Go to computer>properties
Select advanced system settings on the left side
Go to the Advanced tab
On Performance click settings
In the Visual Effects tab, select the "adjust for best performance" bullet.
This will disable aero and almost all visual effects. If this configuration works, you can try enabling one-by-one the boxes for visual effects until you find the precise one that causes problems!
Alternatively, you can:
Right click on desktop, select personalize
Select a theme from basic themes, that doesn't have aero.
This will also work as the above, but with more visual options enabled. For my two devices, this setting also works, so i kept it.
Please, when you try these solutions, come back here and post your findings!
For me, it solved the problem for most cases (a tiled dgemm i have made),but NOTE THAT i still can't run "simpleStreams" properly and achieve concurrency...
UPDATE: The problem is fully solved with a new windows installation!! The previous steps improved the behavior for some cases, but a fresh install solved all the problems!
I will try to find a less radical way of solving this problem, maybe restoring just the registry will be enough.
Dear CUDA users I am reposting a question from nvidia boards:
I am currently doing image processing on GPU and I have one kernel that takes something like 500 to 700 milliseconds when running on big images. It used to work perfectly on smaller images but now the problem is that the whole display and even the mouse cursor are getting laggy (OS=win7)
My idea was to split my kernel in 4 or 8 kernel launches, hoping that the driver could refresh more often (between each kernel launch).
Unfortunately it does not help at all, so what else could I try to avoid this freezing display effect? I was suggested to add a cudaStreamQuery(0) call between each kernel to avoid packing by the driver.
Note: I am prepared to trade performances for smoothness!
The GPU is not (yet) designed to context switch between kernel launches, which is why your long-running kernel is causing a laggy display. Breaking the kernel into multiple launches probably would help on platforms other than Windows Vista/Windows 7. On those platforms, the Windows Display Driver Model requires an expensive user->kernel transition ("kernel thunk") every time the CUDA driver wants to submit work to the GPU.
To amortize the cost of the kernel thunk, the CUDA driver queues up GPU commands and submits them in batches.
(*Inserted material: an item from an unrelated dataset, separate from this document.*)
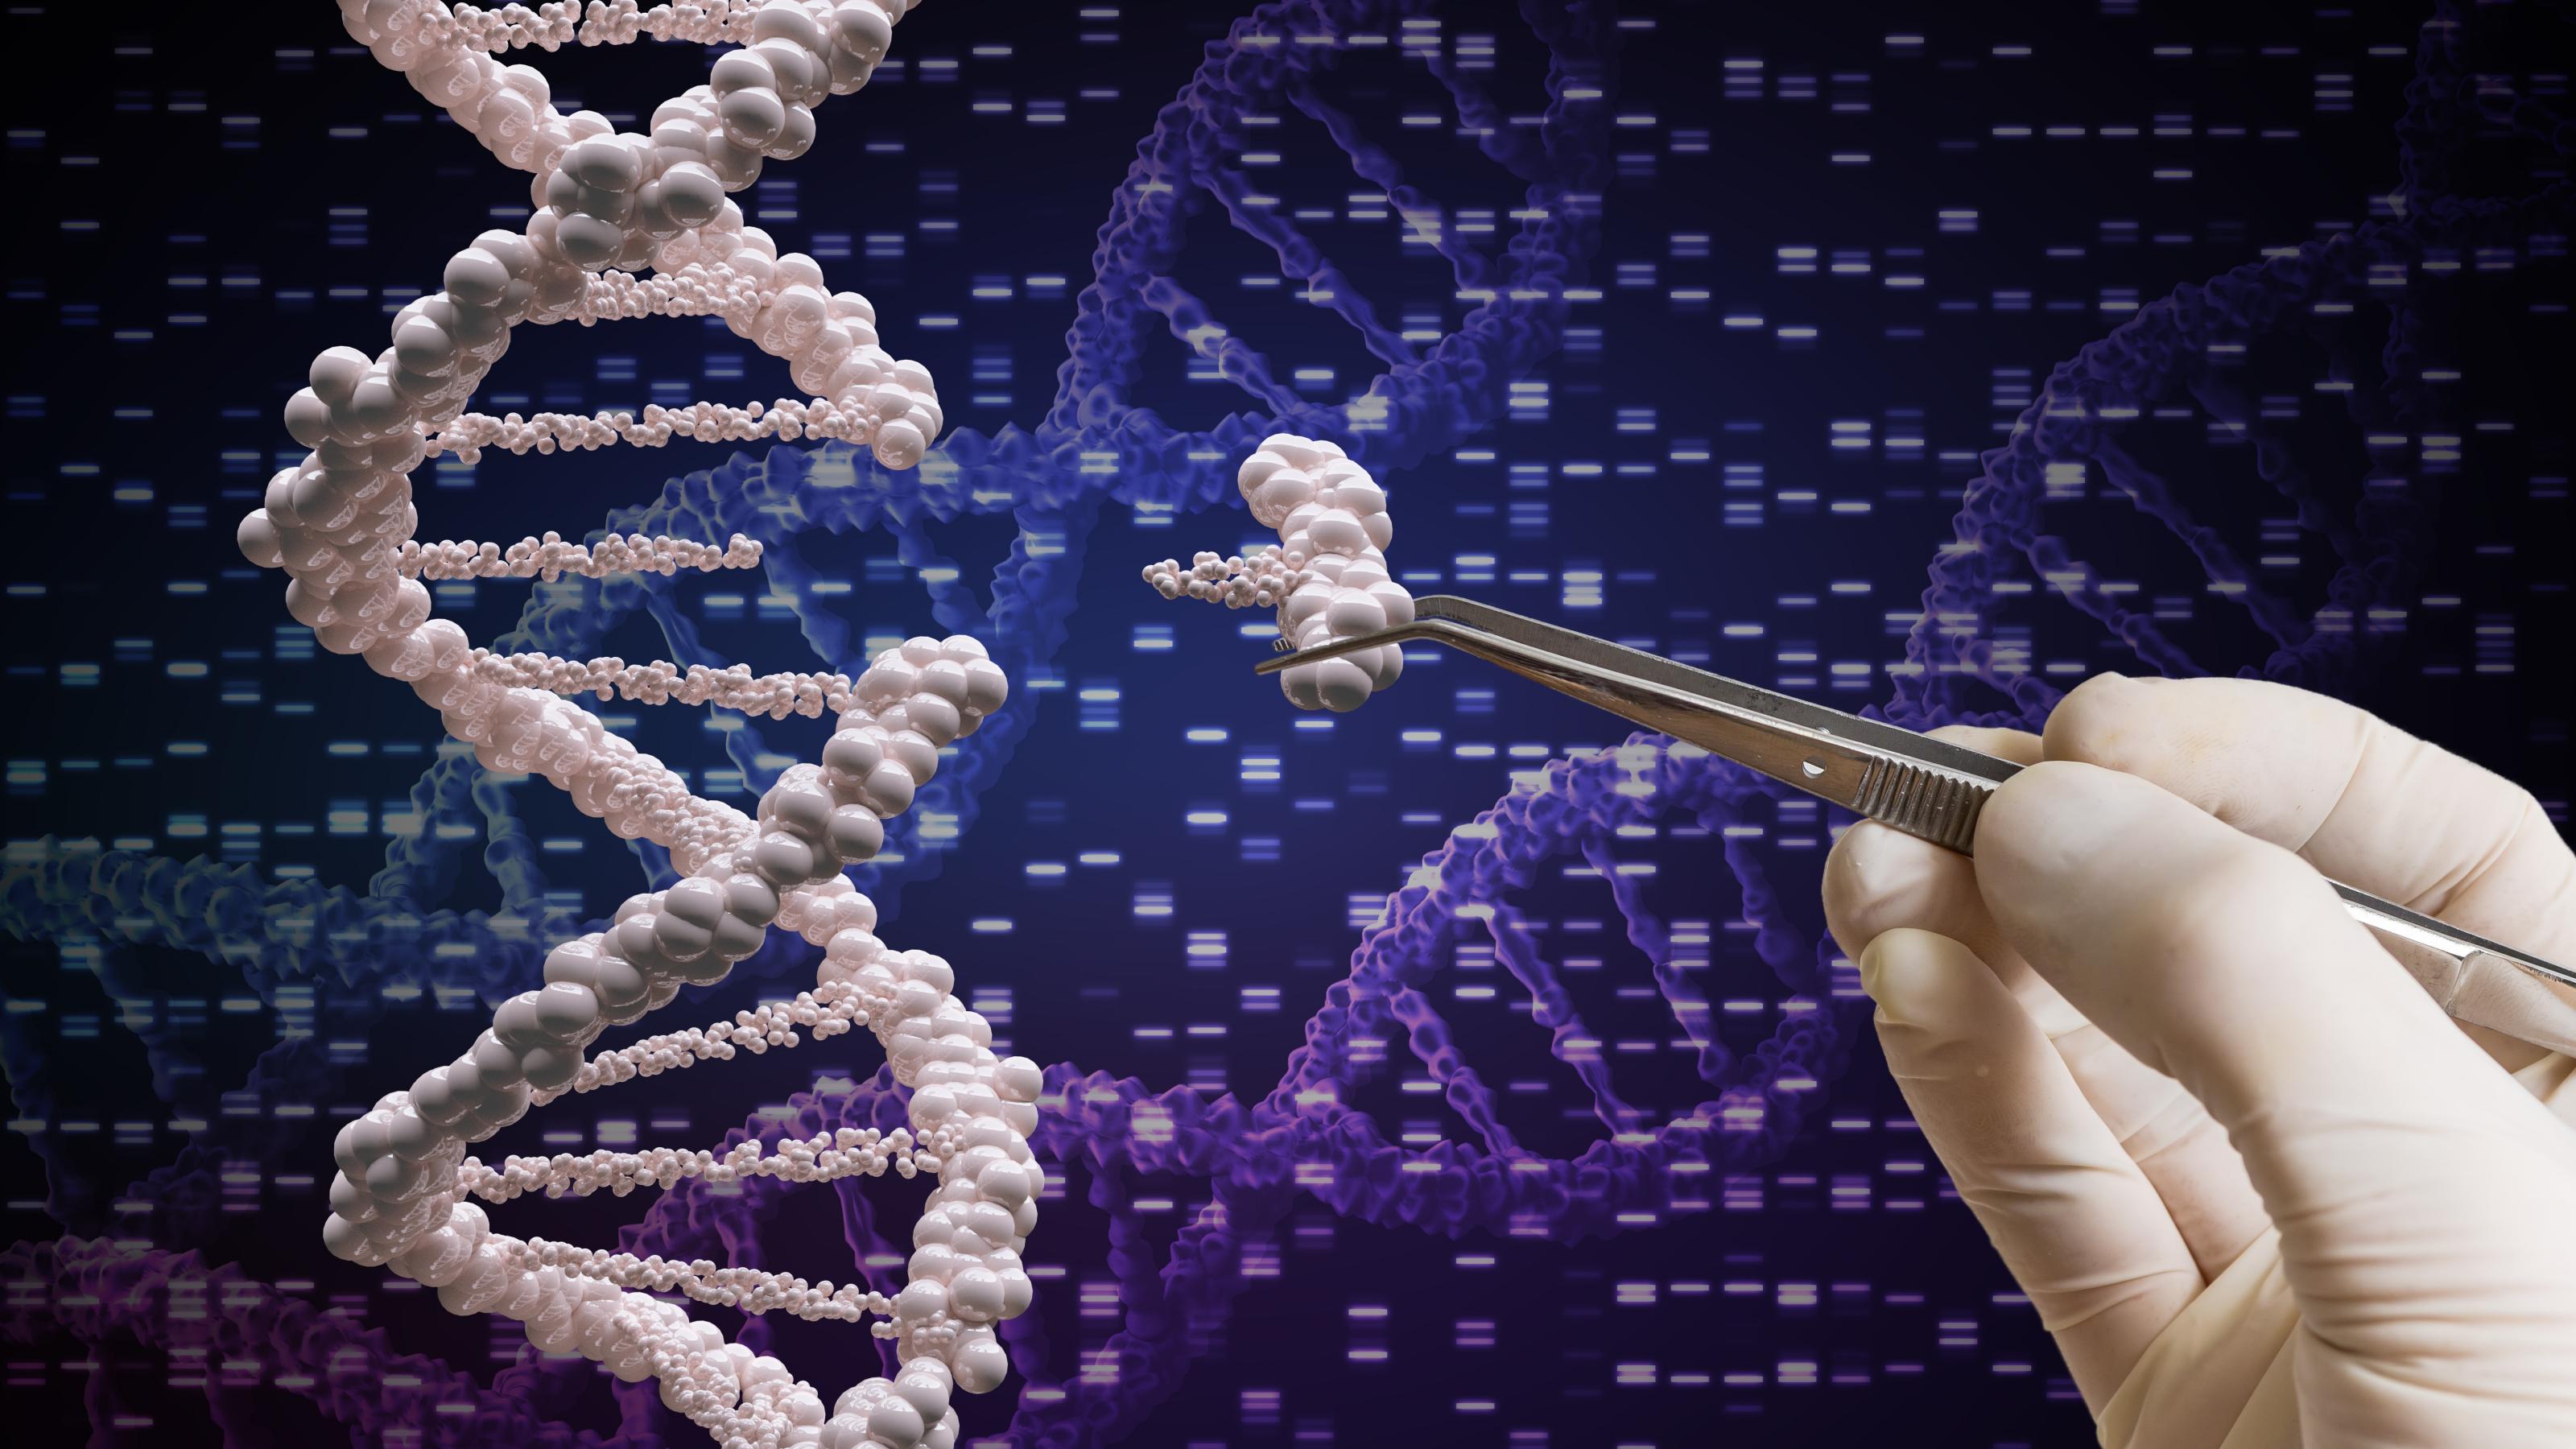 Das Symbolbild macht den Einsatz der  Genschere Crispr/Cas in der Gentechnik verständlich: eine Pinzette entfernt ein Stück der DNA im Erbgut

The driver uses a heuristic to trade off the performance hit from the kernel thunk against the increased latency of not immediately submitting work. What's happening with your multiple-kernels solution is that the driver's submitting your kernel or series of kernels to the GPU all at once.
Have you tried the cudaStreamQuery(0) suggestion? The reason that might help is because it forces the CUDA driver to submit work to the GPU, even if very little work is pending.